Erhältlich ist das Monatsheft in Radebeuler Museen, Galerien, Bibliotheken, Buchhandlungen sowie in weiteren Läden und öffentlich zugängigen Einrichtungen. Auf der Website gibt es eine Übersicht. Vorm Kunsthaus Kötzschenbroda befindet sich die 24-Stunden-Kulturkapsel, in der das aktuelle Heft bis Monatsende vorrätig ist. Auslagestellen befinden sich auch in Moritzburg, Coswig, Weinböhla, Cossebaude und Radeburg.
Es lohnt sich durchaus, einmal in den alten Heften zu stöbern – sowohl print als digital. Die kompletten Jahrgänge von der „Vorschau“ und von „Vorschau & Rückblick“ sind im Radebeuler Stadtarchiv hinterlegt und einsehbar. Darüber hinaus hat unsere Online-Redaktion damit begonnen, ältere Beiträge aufzubereiten und ins Netz zu stellen.
Wenngleich die monatlich erscheinende “Vorschau“ nur von 1954 bis 1963, also gerade einmal neun Jahre existierte, wurde sie zu einem begehrten Sammlerobjekt, quasi zu einem Mythos mit Kult-Status. Es ist schon ein wenig paradox, dass die einstige „Vorschau“ aus heutiger Sicht zur „Rückschau“ wurde und deren Nachfolgerin zu „Vorschau und Rückblick“.
Erfreulich wäre es, wenn es uns gelänge, ein stärkeres Interesse für unser kulturelles Monatsheft bei den Neu-Radebeulern und jungen Menschen zu wecken. Die Digitalisierung bietet eine gute Möglichkeit, um den Austausch zwischen Autoren und Lesern zu befördern, was leider noch zu wenig genutzt wird. Eine rege Kommunikation findet hingegen zum Radebeuler Grafikmarkt statt, auf dem die Redaktion mit einem eigenen Stand vertreten ist.
Mit der wechselvollen Entwicklungsgeschichte unsere Monatszeitschrift hatte sich im Jahr 2020 die Abiturientin Hanna Kazmirowski im Rahmen einer schulischen Abschlussarbeit auseinandergesetzt. Ihre umfassende und sehr gewissenhaft recherchierte „Dokumentation über eine Radebeuler Monatszeitschrift im Kontext gesellschaftlicher Umbrüche zwischen 1954 – 1963 und 1989 – 1993“ ist sehr aufschlussreich und empfehlenswert.
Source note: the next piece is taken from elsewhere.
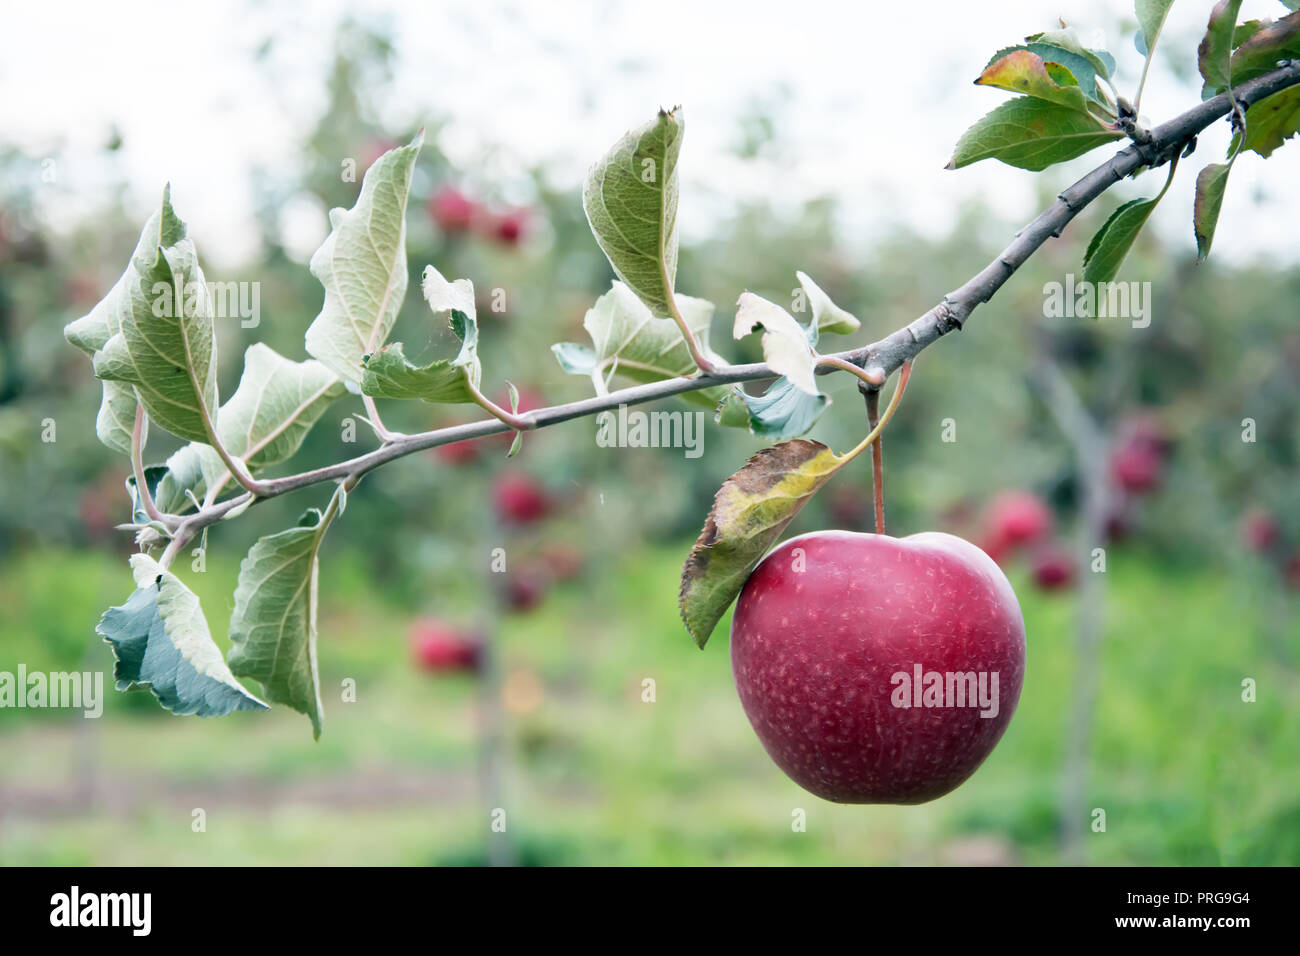 One big, ripe, red apple hanging on a twig of a small apple tree, other apple trees visible at the background Stock Photo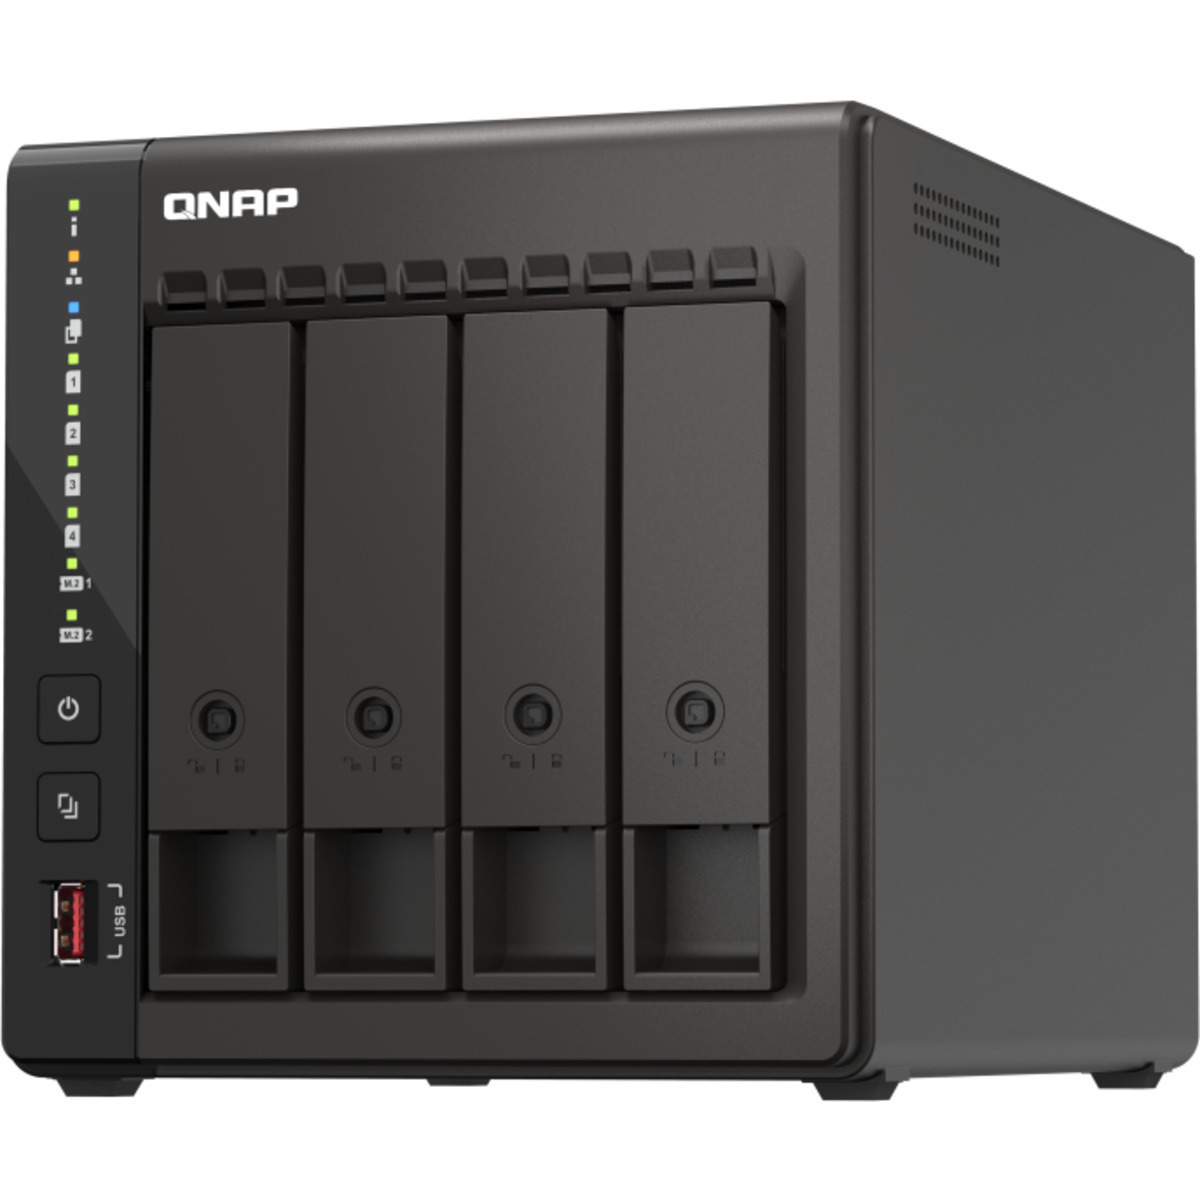 QNAP TS-453E 24tb 4-Bay Desktop Multimedia / Power User / Business NAS - Network Attached Storage Device 3x8tb Western Digital Red Plus WD80EFPX 3.5 7200rpm SATA 6Gb/s HDD NAS Class Drives Installed - Burn-In Tested TS-453E

Die komplexe Publikation steht im Netz und ist online abrufbar.
Übrigens gratulierte neulich eine treue Leserin zum 35-jährigen Jubiläum und meinte lachend „Bewahrt Euch den Blick über die Elbe, die Weinberge und den Tellerrand!“ Na klar, dass versprechen wir doch gern. Allerdings, und das ist der Wermutstropfen, bedarf unser Redaktionskollegium spätestens bis zum 40-jährigen Jubiläum einer dringenden Verjüngungskur.